- SUPPLIED DATA
----------------------------------------
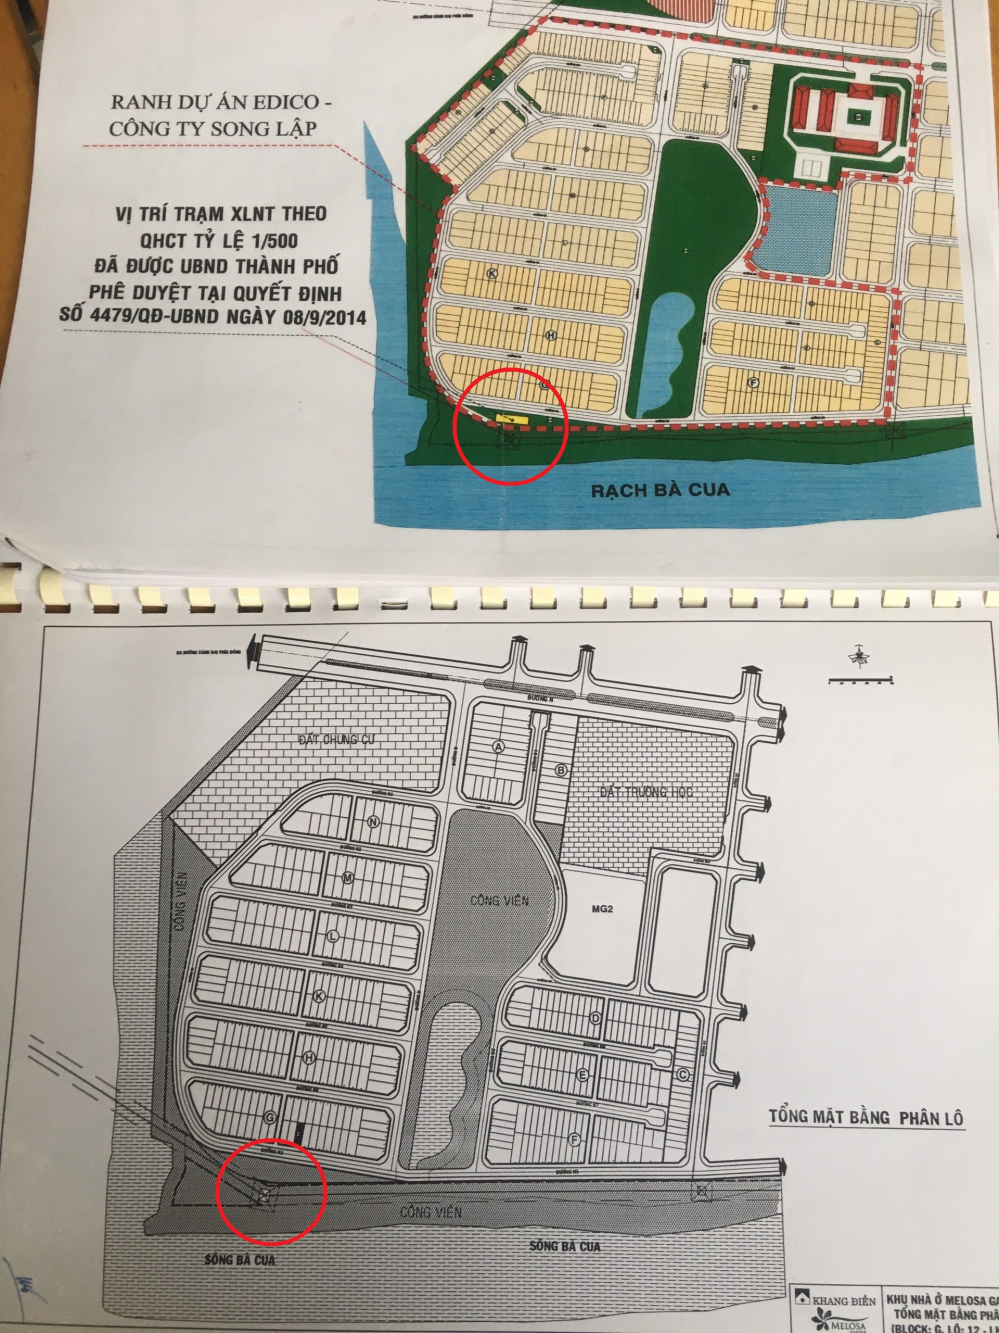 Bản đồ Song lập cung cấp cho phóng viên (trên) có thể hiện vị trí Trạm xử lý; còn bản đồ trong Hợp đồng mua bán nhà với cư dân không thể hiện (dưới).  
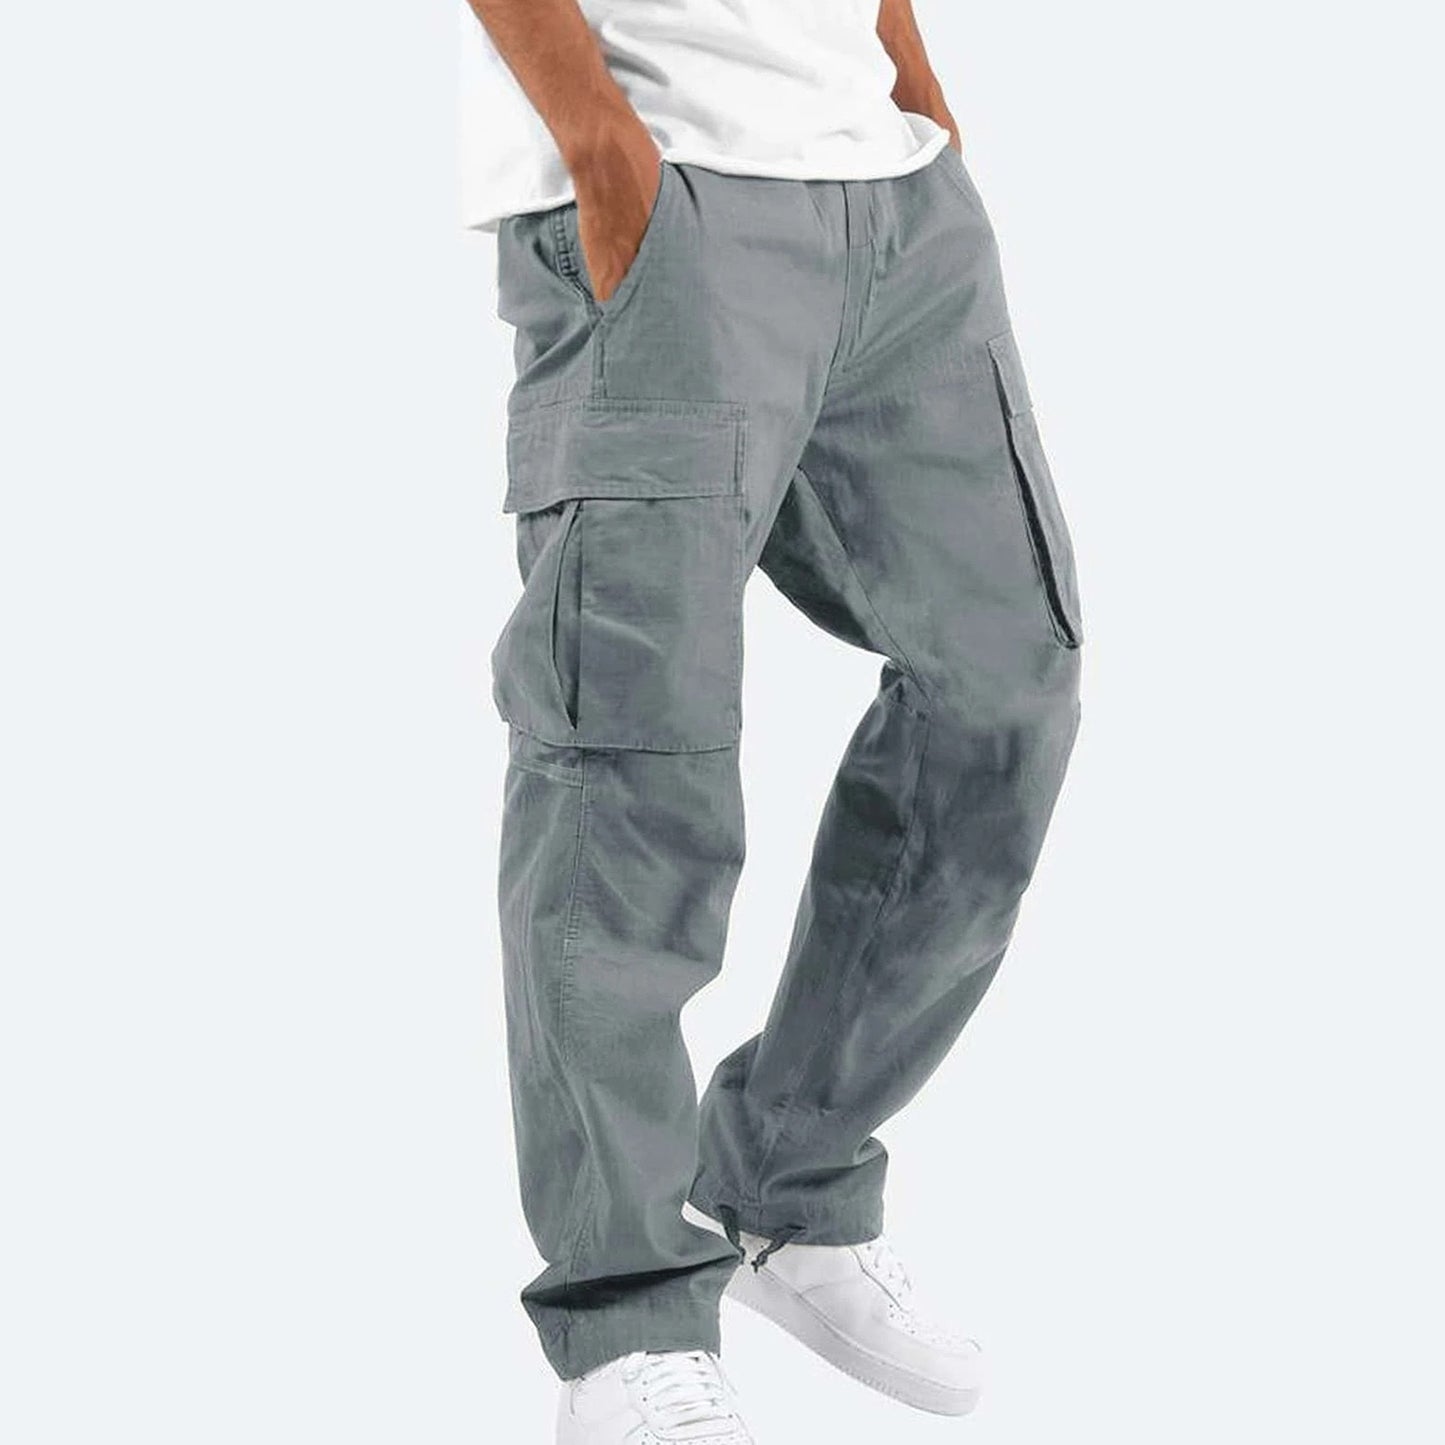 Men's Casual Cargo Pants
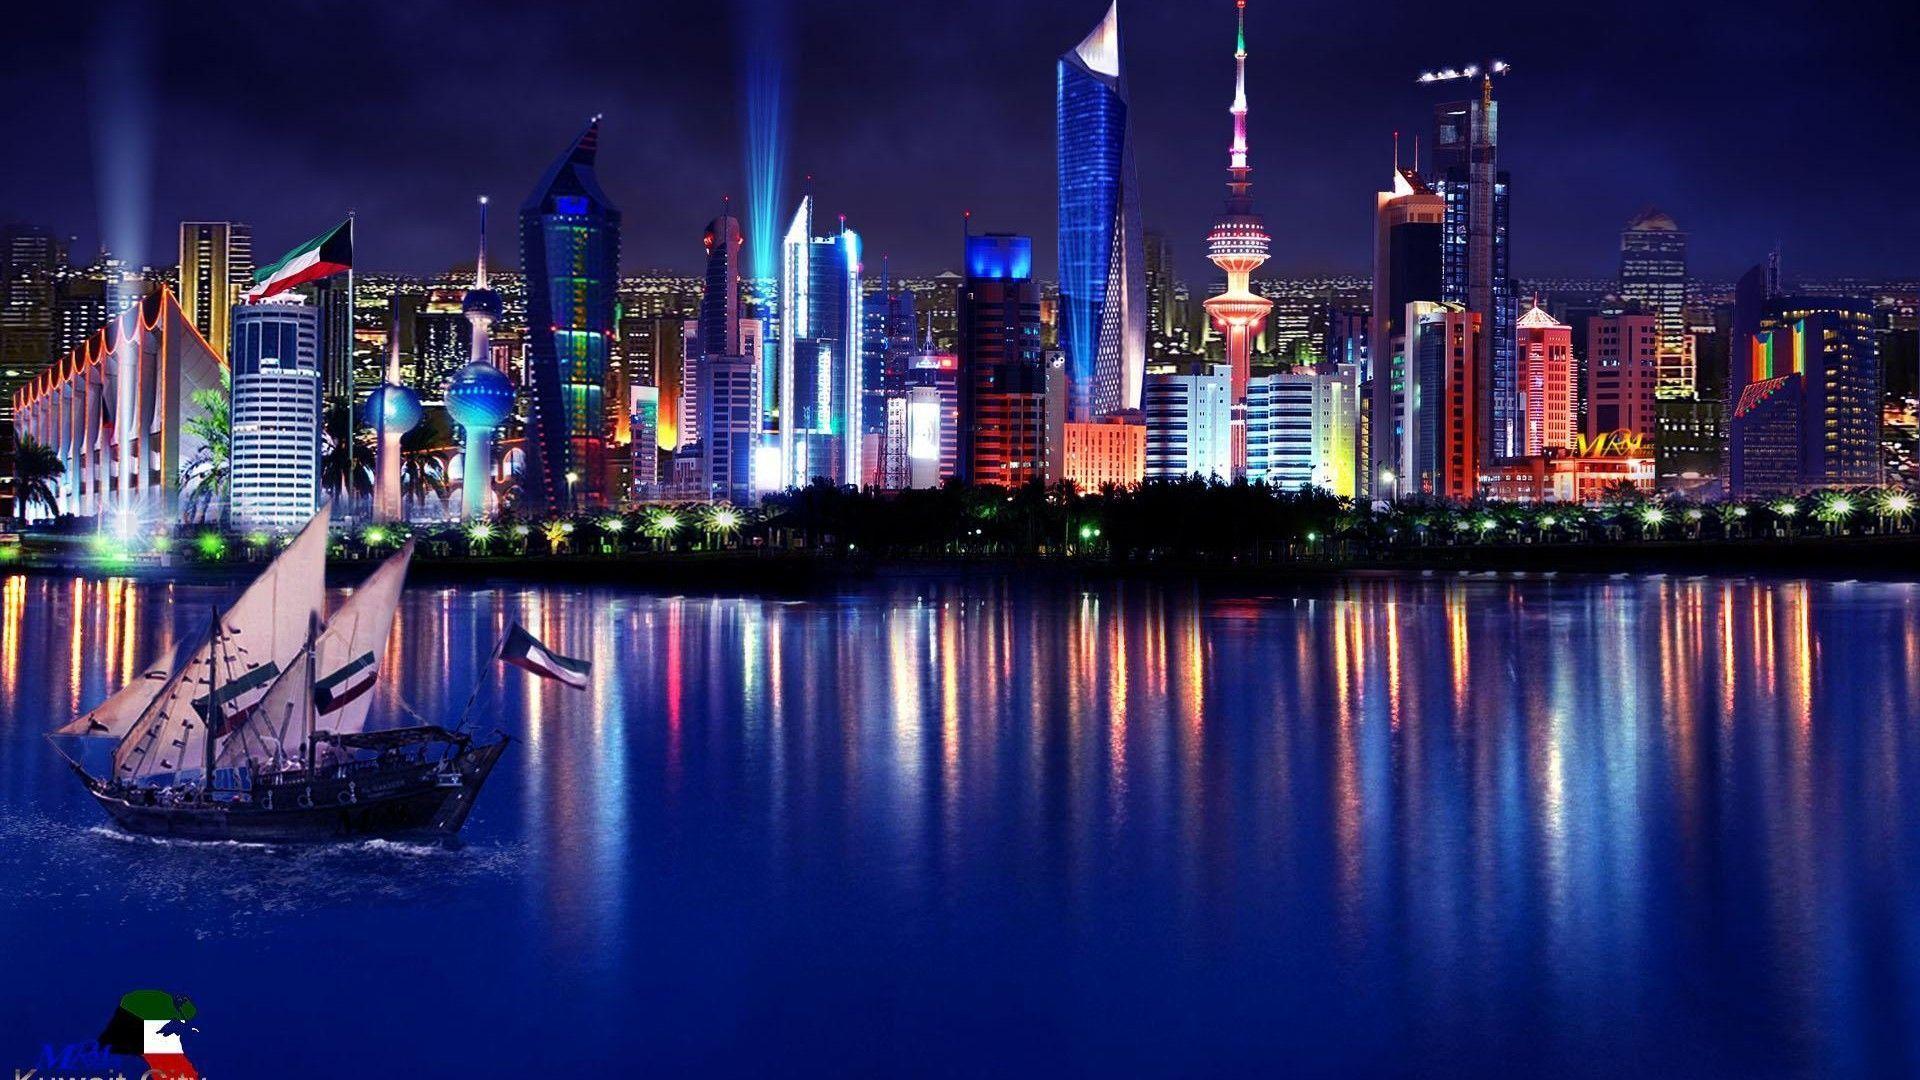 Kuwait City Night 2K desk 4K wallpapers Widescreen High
----------------------------------------
- WHAT YOU NEED TO DO
Please output the material above unchanged, apart from removing the pictures.

- WRITTEN ANSWER
 Bản đồ Song lập cung cấp cho phóng viên (trên) có thể hiện vị trí Trạm xử lý; còn bản đồ trong Hợp đồng mua bán nhà với cư dân không thể hiện (dưới).  
 Men's Casual Cargo Pants
 Kuwait City Night 2K desk 4K wallpapers Widescreen High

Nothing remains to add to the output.